The good doctor's philosophy of life was keynoted in the opening installment by a lamp of friendship delivered to him by a divinity student from Five Points.

'It's the symbol of 'The Guiding Light' says Dr Matthews.Now I know what to say at the state prison.'

The next scene took place at the prison and the new storylines unfolded

Thanks for that information. I wish your post could somehow get into some of the soap opera history books.  I'm sure 99 percent of GL fans are unaware of the completely different show in 1947.   How coincidental (or down-right strange) that Guiding Light went through two changes of locale during it's history, and it is likely that neither change occurred within the scripted narrative.    

5 minutes ago, Vee said:

I always enjoyed the idea of GL calling back to Reverend Rutledge and the lamp/lighthouse/etc. near the end of the run. I just think the execution of it was very poor. If GL was ever rebooted it would be nice to find a way to tie all these little details together - maybe a location bit or someone's correspondence, or a character from Selby Flats or Five Points, etc.

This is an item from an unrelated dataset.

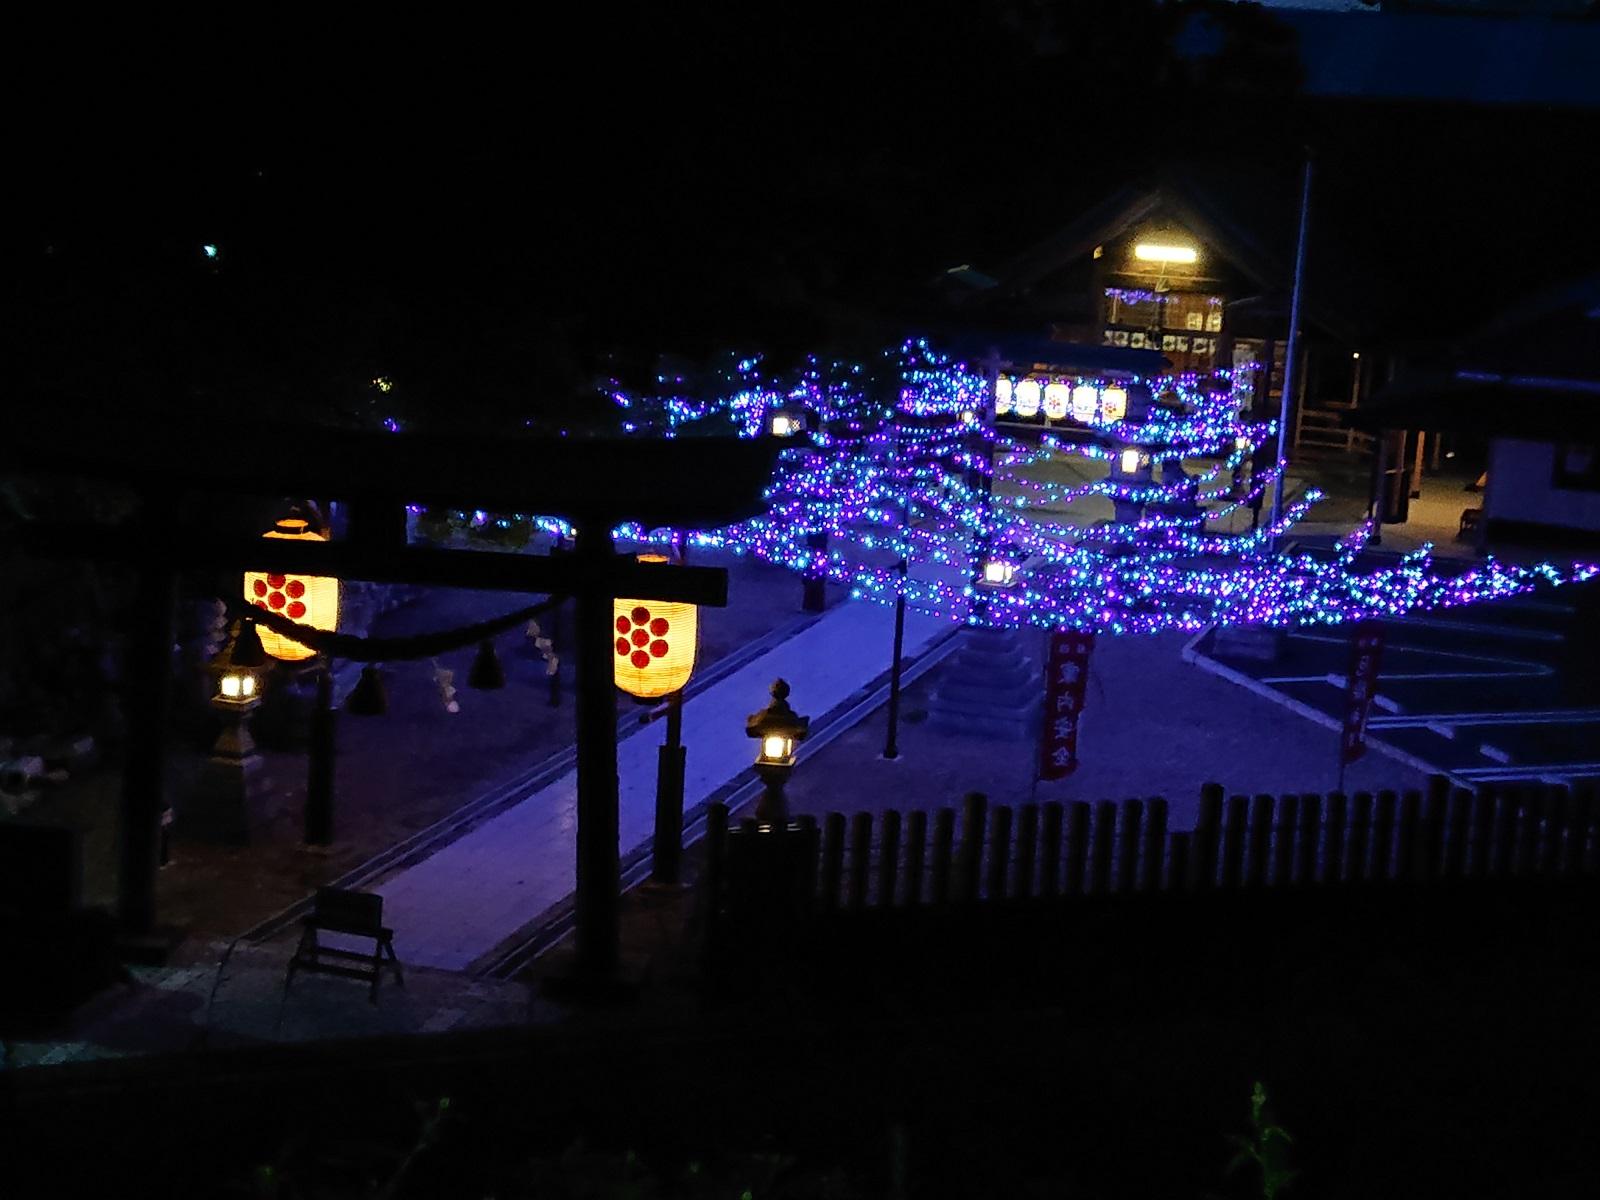 星神社様七夕祭りLED装飾

I agree.  I enjoyed those nods to history in the later years of the show.  But you are very right, the execution was poor.  For example, Meta's (Mary Stuart's) speech at the end of one of the anniversary episodes -- where she mentions Five Points and Selby Flats, and even Reverend Rutledge.  But none of the Bauers lived in Five Points, and none of them had ever met Reverend Rutledge. So how would Meta be aware of them?   And then in even later years, TPTB seemed to try repeatedly to introduce a descendent of Reverend Rutledge, even though the original Reverend Rutledge had no sons, so his name could not have been carried-down through the generations to another male descendant.  There was just no logic to the way TPTB tried to call back to the show's earliest days.   It could have been done well and respectfully, but someone just didn't do enough research.  

  • Member

Dr. Jonathan McNeil and his wife, Clare Lawrence McNeil, were also in the original series. Jonathan had been on since the early 1940s being played by Arthur Kohl and then Sidney Breese.  

The prison story that @Paul Raven referred to is the Roger Barton. He had spent several years in prison for embezzlement, a crime he hadn't committed. Upon returning, he learned his wife had married another man and that his son was a college student romantically involved with the daughter of the man who had set him up. In order to integrate himself back into his old world without the baggage, he rechristened himself Ray Brandon.